El tuit: From up to poppy hill, si editamos con sony vegas esa rocambolesca e increíble historia de amor, nos quedaría 1 peli bien chula.

Tenía a Dream home en mi lista de películas que quería ver. Mis referencias eran que era una película sobre la crisis inmobiliaria en Hong Kong en la que una persona acababa tomándose la justicia por su mano, vamos, que me esperaba una película de cine social…algo que nada más empezar quedó absolutamente desterrado con la bestial forma de cargarse al portero de un edificio. Así que un poco descolocado, seguí viendo este gore social asiático, dándome cuenta de que iba a ser más gore, que social.
La peli es puro entretenimiento, un slasher bastante original al incluir en la trama el aspecto social de la crisis y que sea una mujer la psicópata de turno. También destaca la inventiva asiática para cometer los más brutales asesinatos, alguno realmente impactante y que no se corta con ciertos convencionalismos accidentales, todo ello muy adornado con una buena banda sonora y una fotografía impropia de estos productos. Evidentemente, al película tiene sus altibajos y sus fallos, pero qué queremos en un slasher: sangre, sexo y diversión, y eso lo da con creces.
Lo mejor: producto muy cuidado en los aspectos técnicos y una gran inventiva.
Lo peor: abstenerse no amantes del género.
La escena: el asesinato con la aspiradora, merece estar en un TOP10 del género.
El tuit: Dream home, delicada mujer asiática, protagoniza el gore social del año. Asesinatos a cascoporro, bien currados e imaginativos.
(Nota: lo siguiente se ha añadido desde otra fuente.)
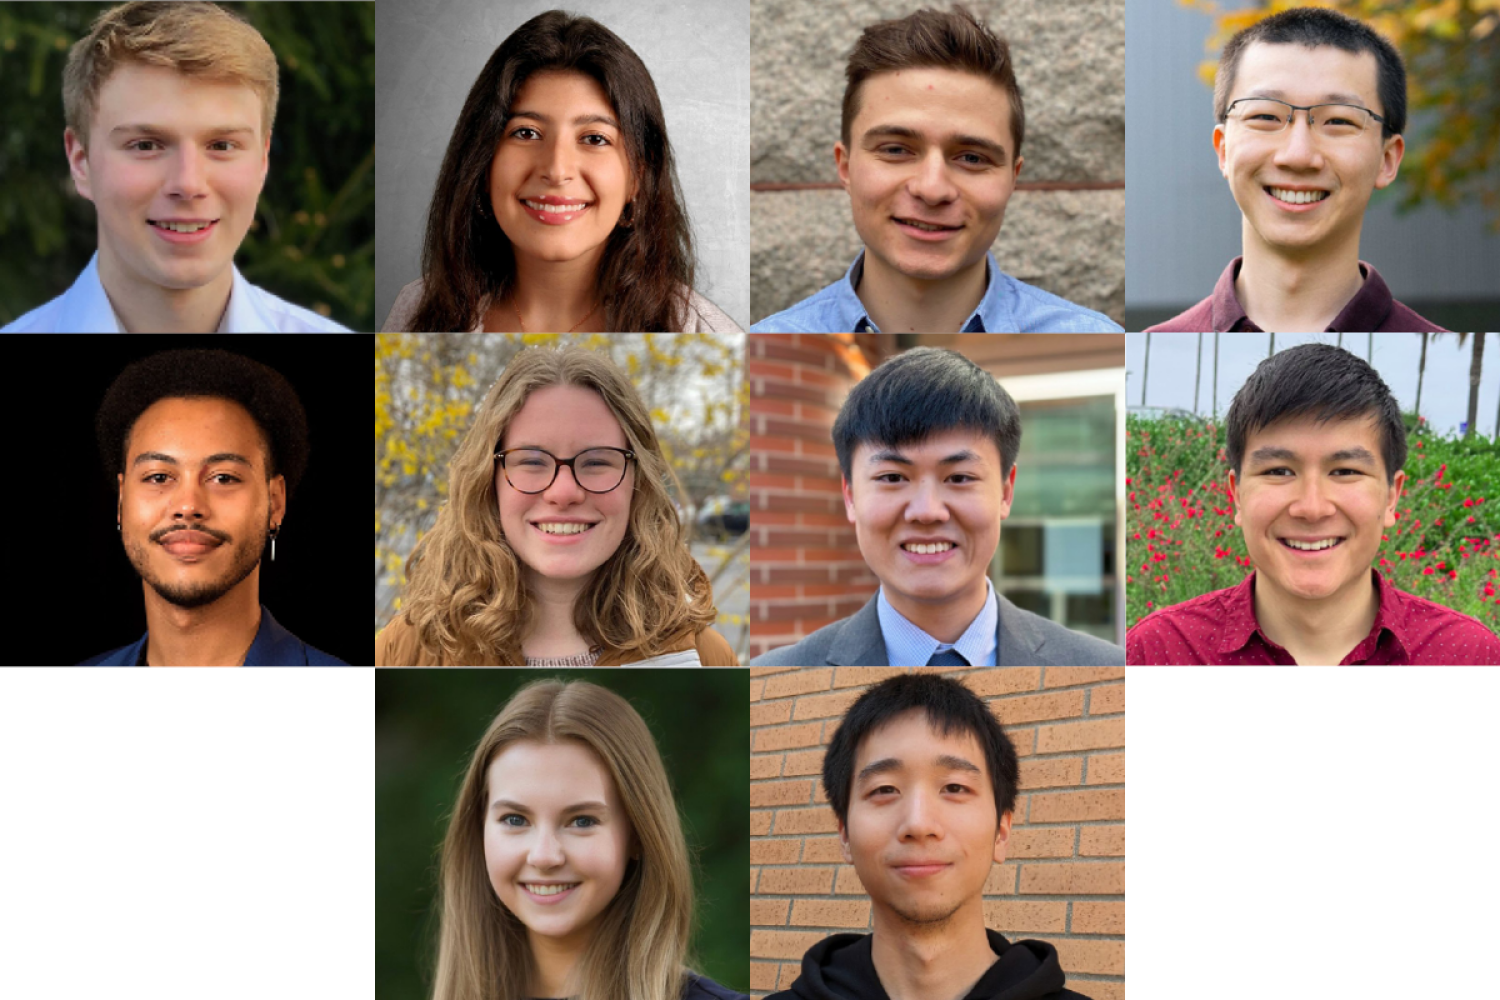 Top row from left to right: Owen Dugan ’24, Kaylie Hausknecht, Elijah Lew-Smith, and Rupert Li ’24. Middle row from left to right: Amani Maina-Kilaas, Zoë Marschner ’23, Zijian (William) Niu, and James Roney. Bottom row: Anna Sappington ’19 (left) and Jason Yang ’22.

En cualquier festival que programe cine asiático no puede faltar la producción de Bollywwod y eso a mí me hace temblar, porque es un cine con el que no acabo de conectar de ningún modo. Así que este Special 26 sólo sirve para seguir autoafirmándome en mi rechazo.
Las razones son varias: una película excesivamente larga y de forma innecesaria, se podía haber contado lo mismo en la mitad de tiempo; los actores, actúan y aunque suene a perogrullada, eso es malo; los números musicales en este caso no son cargantes, pero…ya conocéis mi aversión; la historia es buena, pero se pierde en subtramas y escenas innecesarias. En definitiva, que me he aburrido bastante viendo la peli y que me confirma de que Bollywood no es para mí.
Lo mejor: sólo hay un par de números musicales, uno de ellos incluso resultón.
Lo peor: el género en sí mismo; demasiado larga.
La escena: el giro final está logrado.
El tuit: Special 26, peli larguísima, aburridilla, aunque podría ser la base para un remake, más corto, mejor hecho, pero en otro sitio.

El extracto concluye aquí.